Add a little spice to your #SeptemberWhole30 with our zesty Lemon Garlic, red curry, and juicy shrimp! This one pot stew is the perfect weeknight meal to change things up!
Makes 4 servings
What you need
4 tablespoons Tessemae’s Lemon Garlic
1 pound large peeled and deveined shrimp
1 red bell pepper, thinly sliced
1 tablespoon red chili paste
1 knob ginger, peeled
1 can coconut milk
1 teaspoon fish sauce
1 cup spinach
2 plum tomato, quartered
coarse salt and white pepper to taste
Serve over cauliflower rice with fresh cilantro
What you do
- Heat 2 tablespoons Lemon Garlic in a large skillet. Add shrimp and sauté́ until browned, about 1-2 minutes per side. Transfer to a plate.

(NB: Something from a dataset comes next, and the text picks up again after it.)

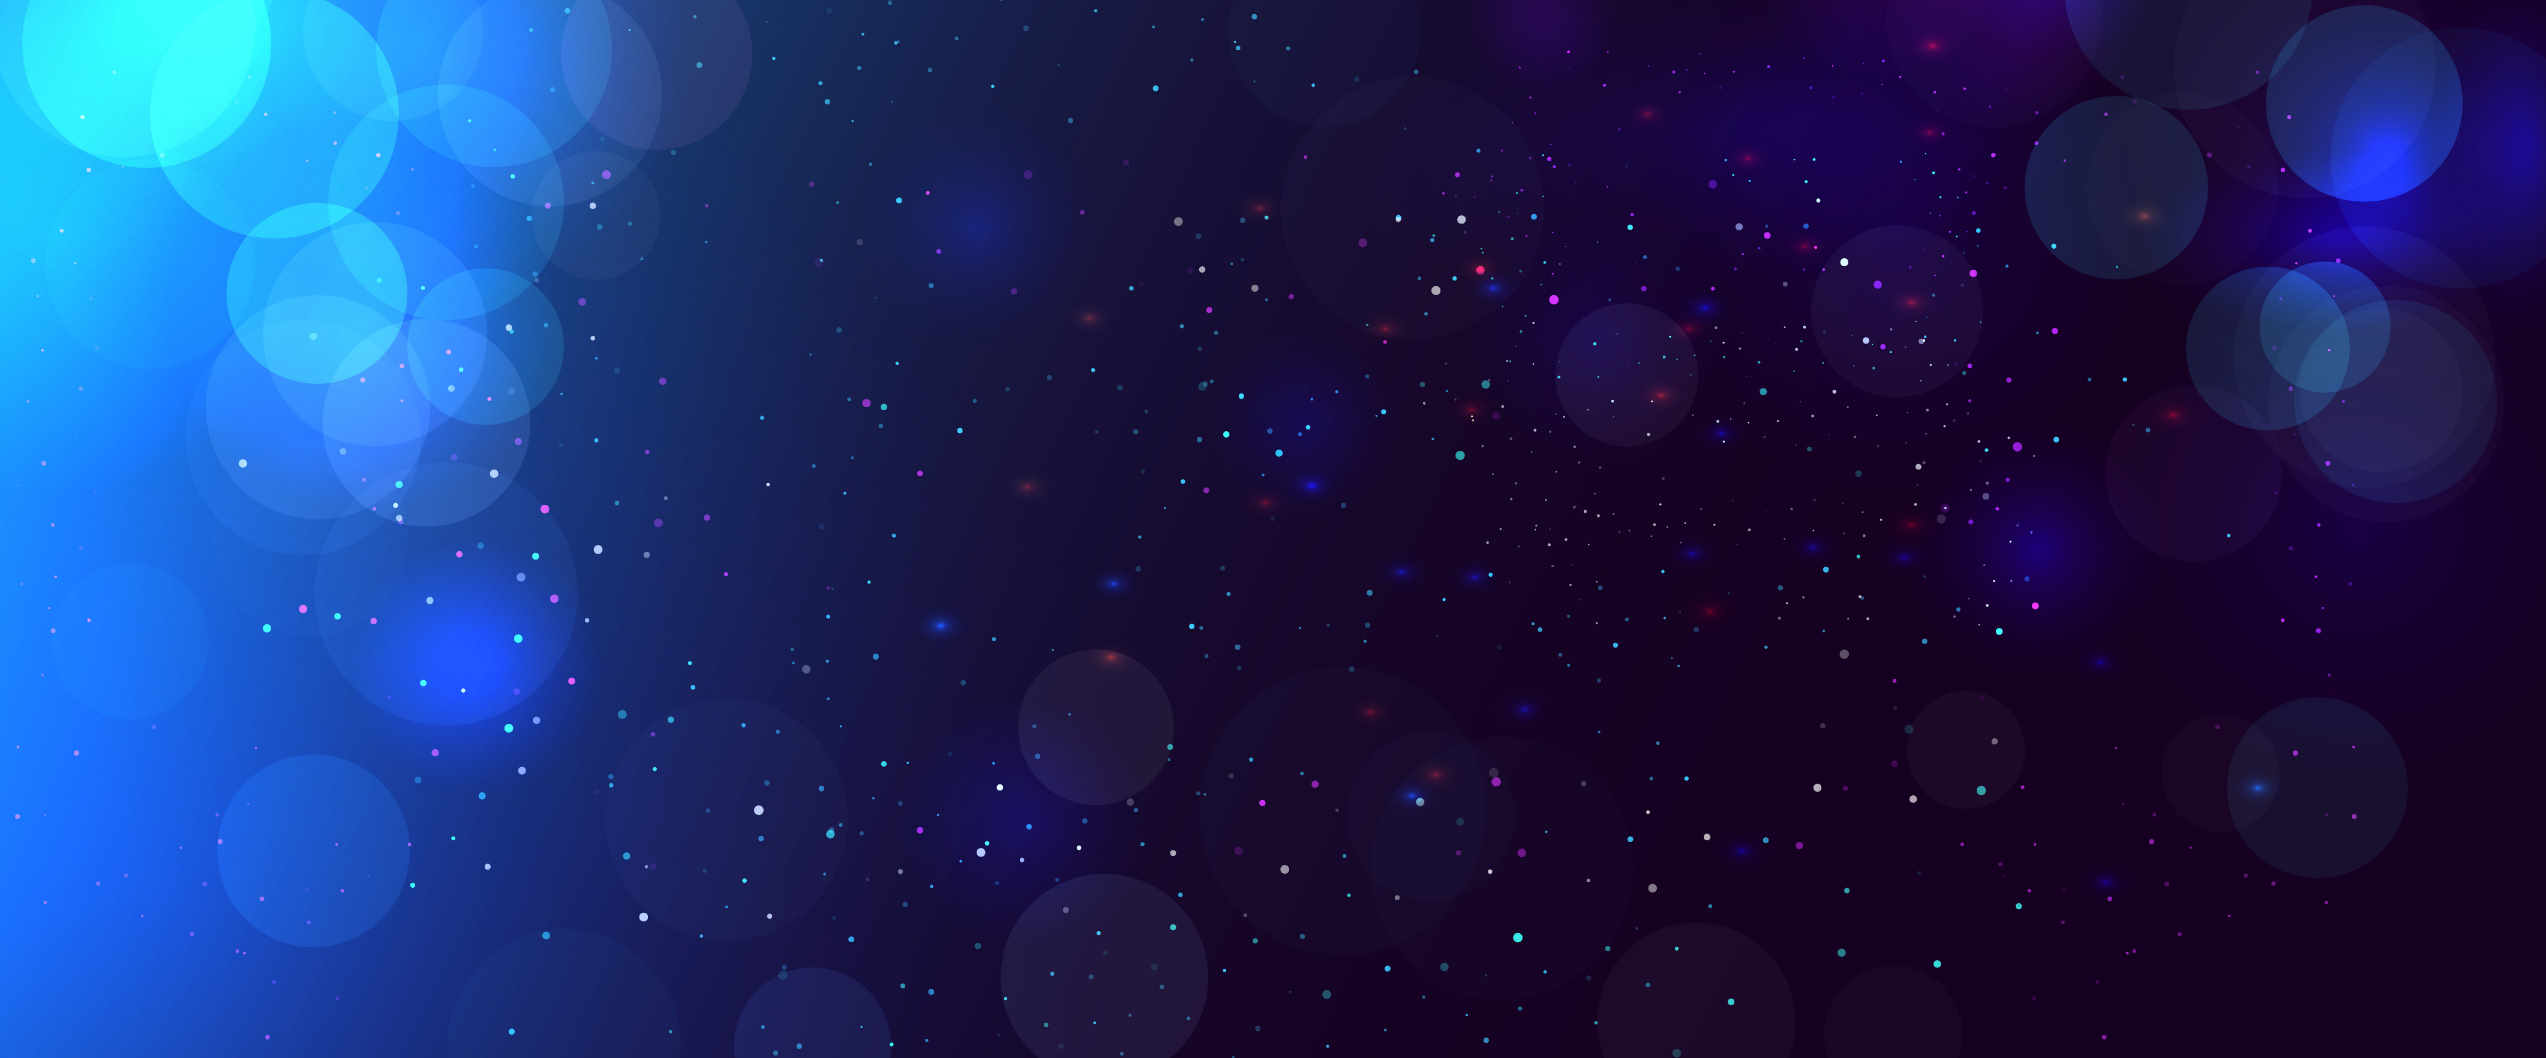 https://astrocycles.net/wp-content/uploads/blue-background-stars.jpg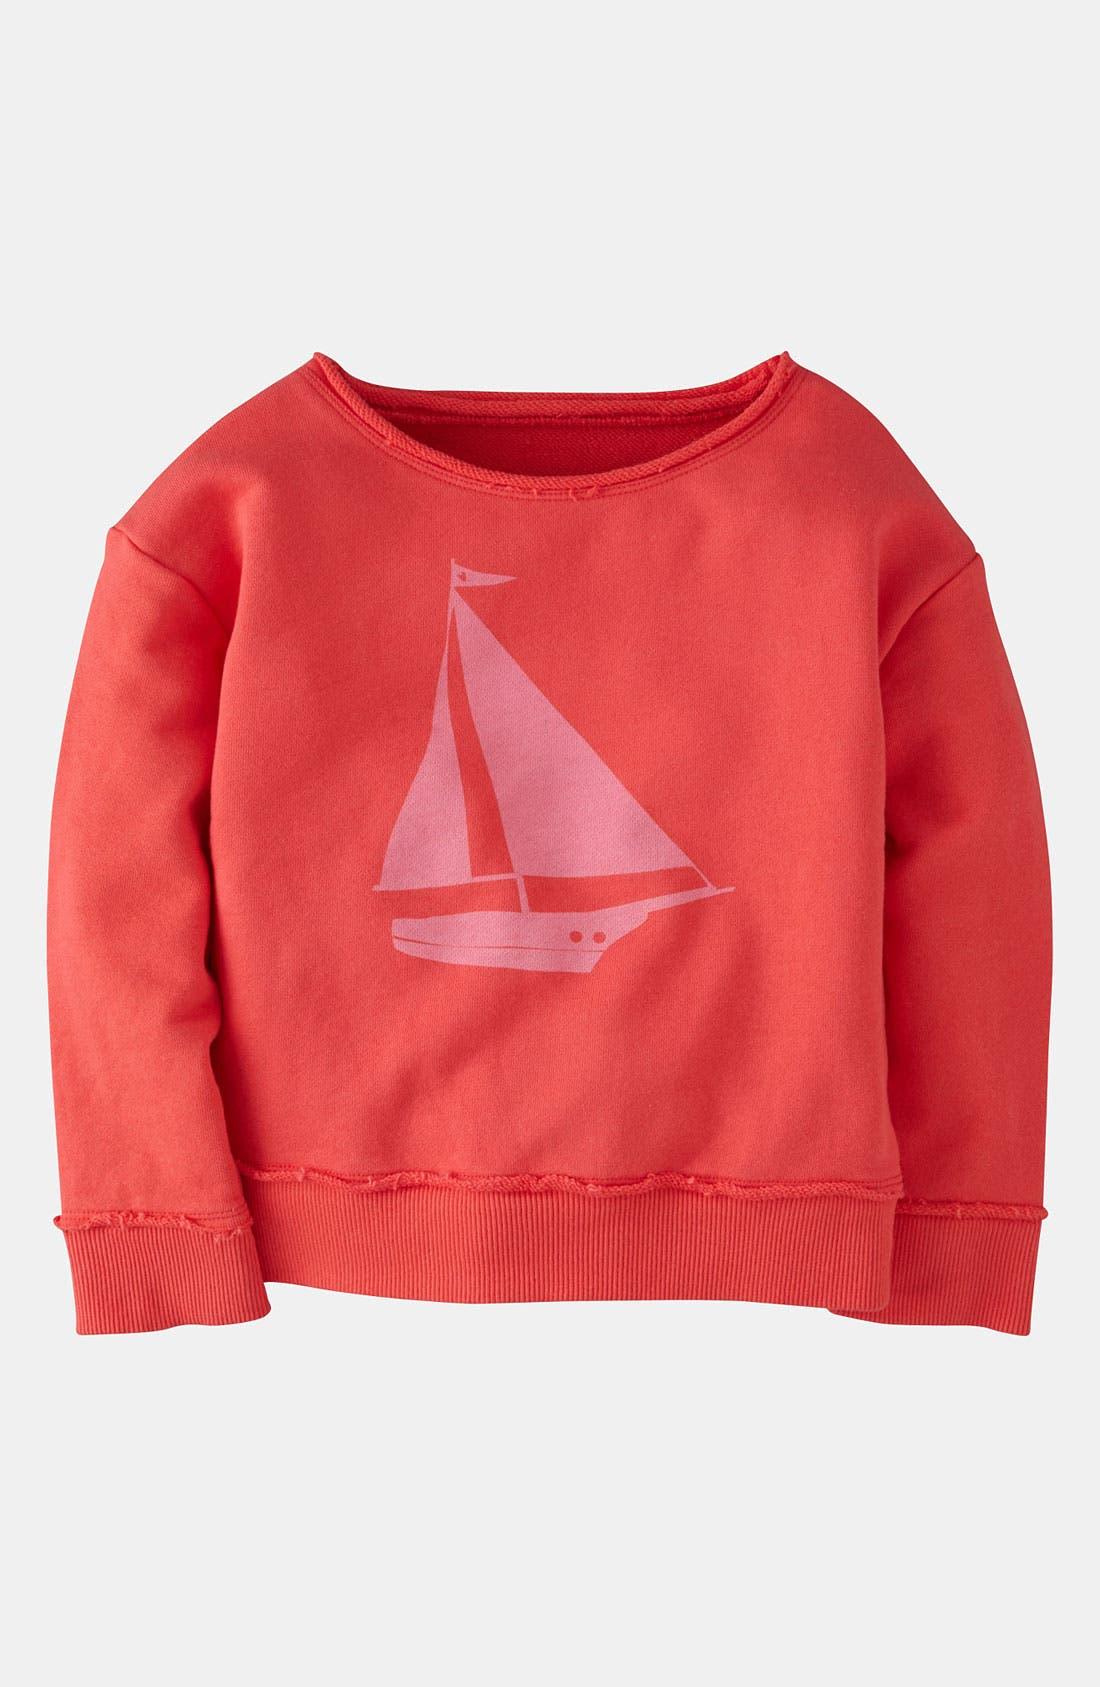 Main Image - Mini Boden 'Washed Logo' Sweatshirt (Little Girls & Big Girls)

- Add bell pepper, ginger and red chili paste to the skillet. Mix until fragrant, about 1 minute
- Stir in the Lemon Garlic, fish sauce, coconut milk, spinach and tomatoes. Cover and simmer until the flavors meld and the veggies are tender, about 15 minutes. Season with salt and white pepper.
- Return the shrimp to the pan and cook about a minute to warm. Pour in bowls, top with cilantro and serve with cauliflower rice.